Samuel Portillo still has some of the emails University of Arizona advisers sent him when he was getting ready to transfer from Pima Community College.
"Well done in your fall 2014 coursework. Solid performance, dude," wrote Joseph McCollough, known as "Dr. Joe," the College of Engineering's coordinator for transfer student enrollment.
Portillo started attending the UA after high school, but between scheduling conflicts, transportation issues and not being sure of what he wanted to study, he dropped out during the first semester. He started over at Pima, worked hard and was ready to transfer into the Department of Chemical and Environmental Engineering after one year.
"I think my transfer process only took about a month, and that was something I wasn't really expecting," Portillo said. "I felt like I was encouraged by the faculty to ask questions if I didn't understand anything. They were really accommodating on working with me through my nontraditional road to a four-year degree."
McCollough's email is just one example of the culture in the College of Engineering and the UA that welcomes and encourages transfer students. As a result, Phi Theta Kappa, an honors society for community college students, recognized the UA as one of the 112 colleges and universities on its 2018 Transfer Honor Roll.
The society honors institutions that demonstrate exceptional commitment to transfer students by providing pre- and post-transfer support, fostering institutional partnerships and collaborations, tracking community college data and developing new methods for recruiting and accommodating transfer students.
One of the most important elements of a successful transfer program is support from a college's administrative team, said McCollough, who also works to keep community college advisers, department heads and faculty members up to date on the UA application process and timeframe.
Opportunities for transfer students through the UA Transfer Center range from Harry Potter movie nights and campus scavenger hunts to office hours with faculty fellows and professional development opportunities through the Transfer Cats in Action club. Portillo, however, was busy diving headfirst into organizations in the College of Engineering, such as the Society of Hispanic Professional Engineers and Engineering Ambassadors.
"I didn't feel excluded or alienated coming in as a transfer student," Portillo said. "I felt very accepted. Part of why I didn't utilize resources specifically for transfer students was because I already felt integrated into the school and the department through my classes and my professors."
McCollough encourages all students he encounters to become involved with campus clubs and research opportunities, not only to build their resumes and professional networks but also to expand their social circles. In lieu of office hours, he tells students they are free to come by and ask questions any time.

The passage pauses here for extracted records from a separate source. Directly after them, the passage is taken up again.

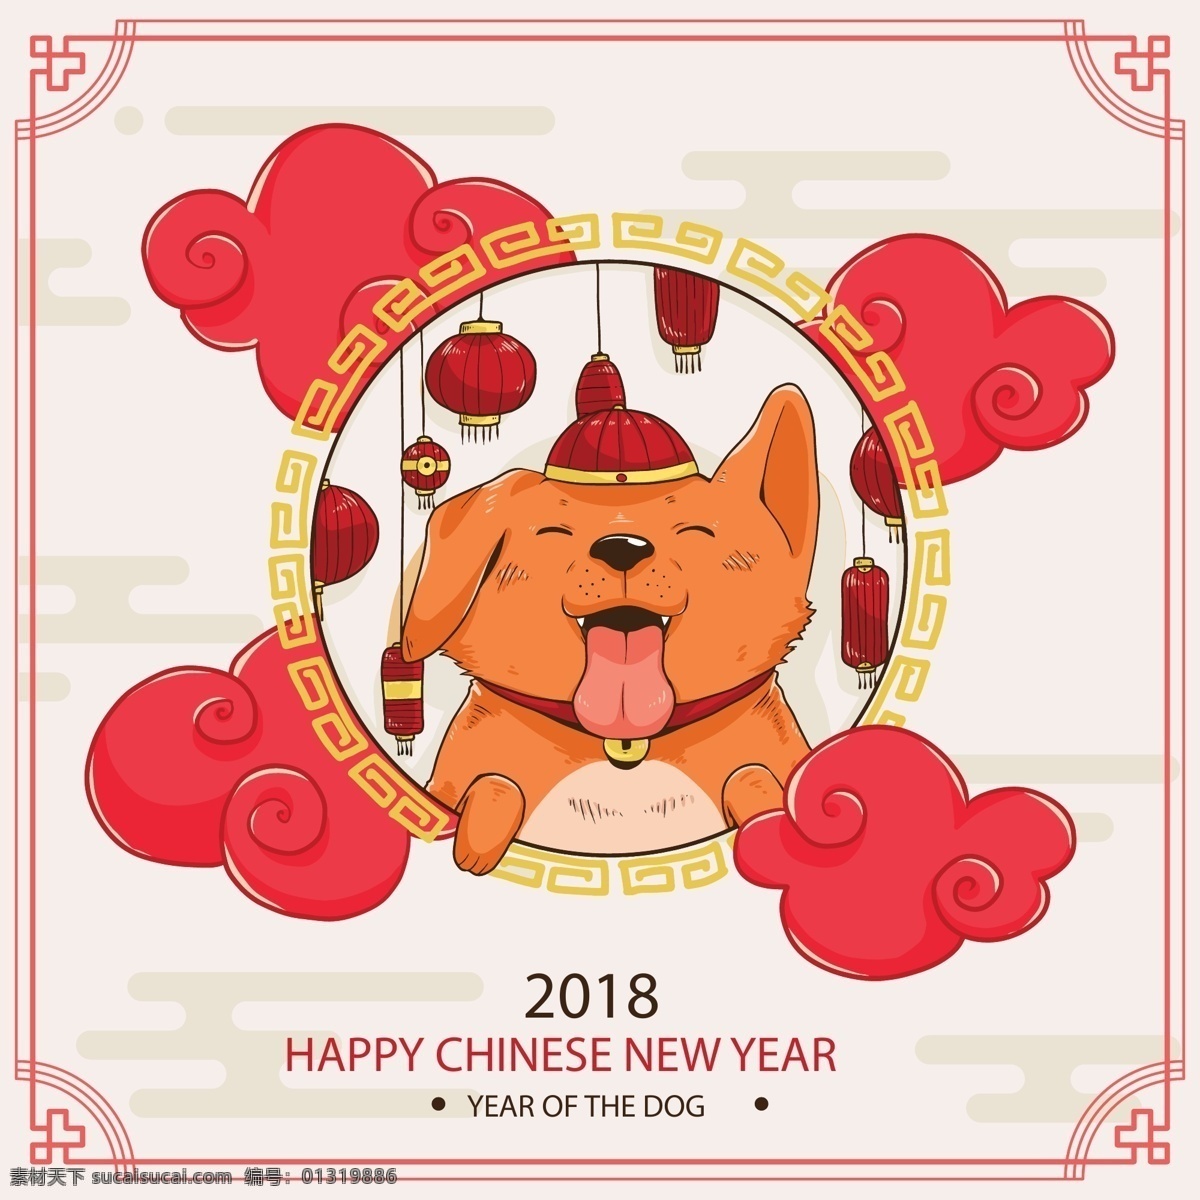 边框 表情 动物 搞笑 狗 红色 卡通 可爱宠物 脸 舌头 新年 语言 手绘 中国 元素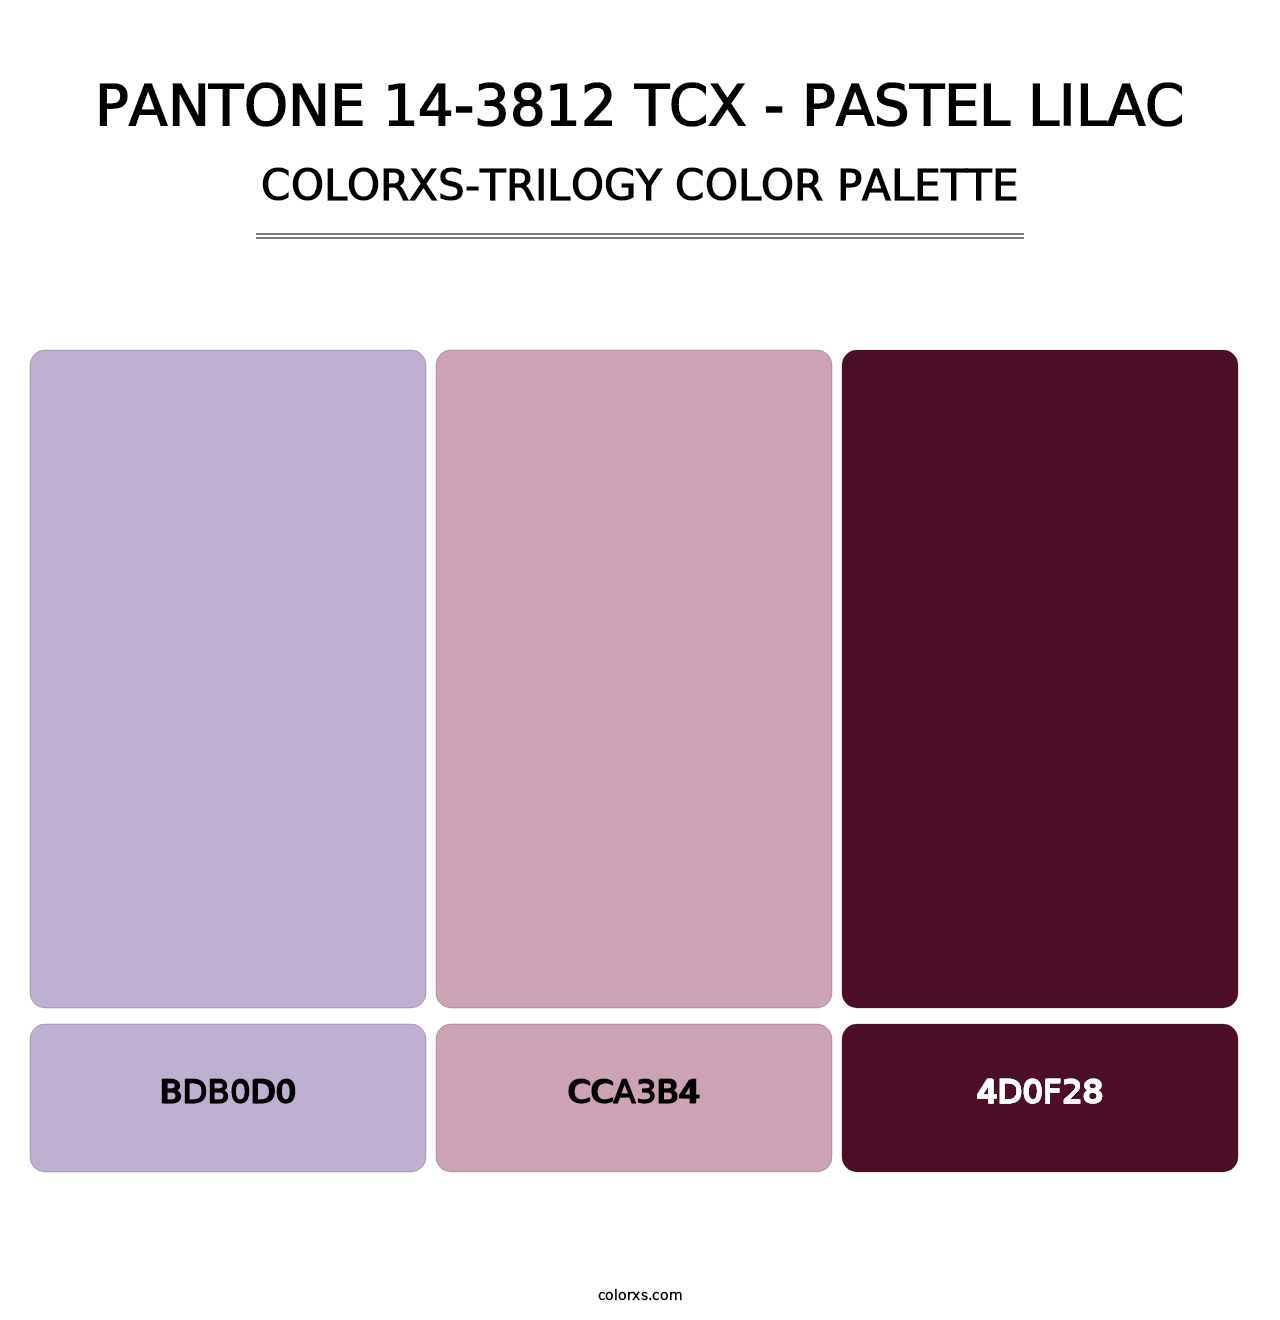 PANTONE 14-3812 TCX - Pastel Lilac - Colorxs Trilogy Palette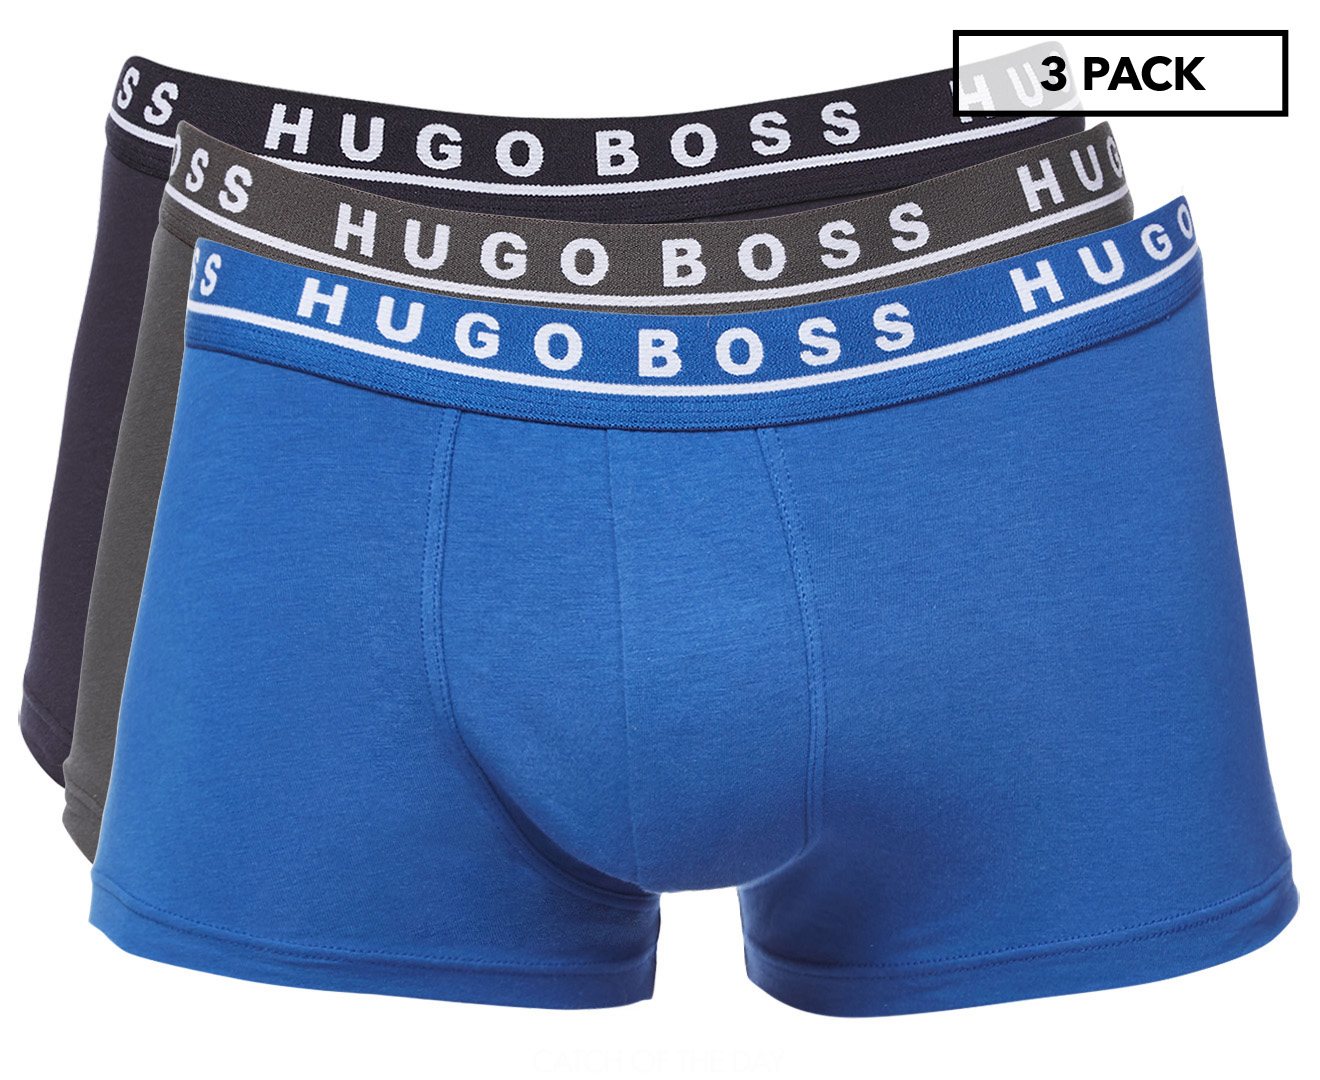 Hugo Boss Men's Trunk 3-Pack - Assorted | Catch.co.nz

"The University of Arizona College of Engineering is a friendly, family-oriented group of students who all sit together, hang together and support each other," he said. "They help each other. They tutor each other. It's a great transfer school."
Twins Alejandra and Fernanda Fraijo Arce also are transfers from Pima Community College. Originally from Hermosillo, Mexico, the sisters vacationed in Tucson when they were teenagers.
"As soon as I saw the UA, I fell in love with it," Alejandra said.
Fernanda took classes to transfer into the UA's Department of Civil Engineering and Engineering Mechanics, and Alejandra studied to become a dietitian. The semester before she was planning to transfer to the UA, Alejandra decided she wanted something more challenging: a chemical engineering degree.
Thanks to plenty of overlap and some help from UA advisers, she was able to take all of the remaining courses over the summer and transferred to the University on schedule. As an Engineering Ambassador, Alejandra has provided potential transfers with a student perspective.
Like her sister, Fernanda used a guide on the Pima Community College website and the advice of friends who already had transferred to determine which classes she should take each semester. In her final semester at Pima, a UA civil engineering adviser told her she was on track.
Now that she's officially a UA alumna — one with an internship at DPR Construction and plans to pursue a master's degree in structural engineering at the UA — she can confirm it.
"I've had the two best years of my life," she said. "I've met a lot of people and gained a lot of knowledge from my classes, work experience and extracurricular activities. The UA has opened so many doors for me. I wouldn't change it for anything. I think I had a great opportunity to come here and study, and I will always be thankful."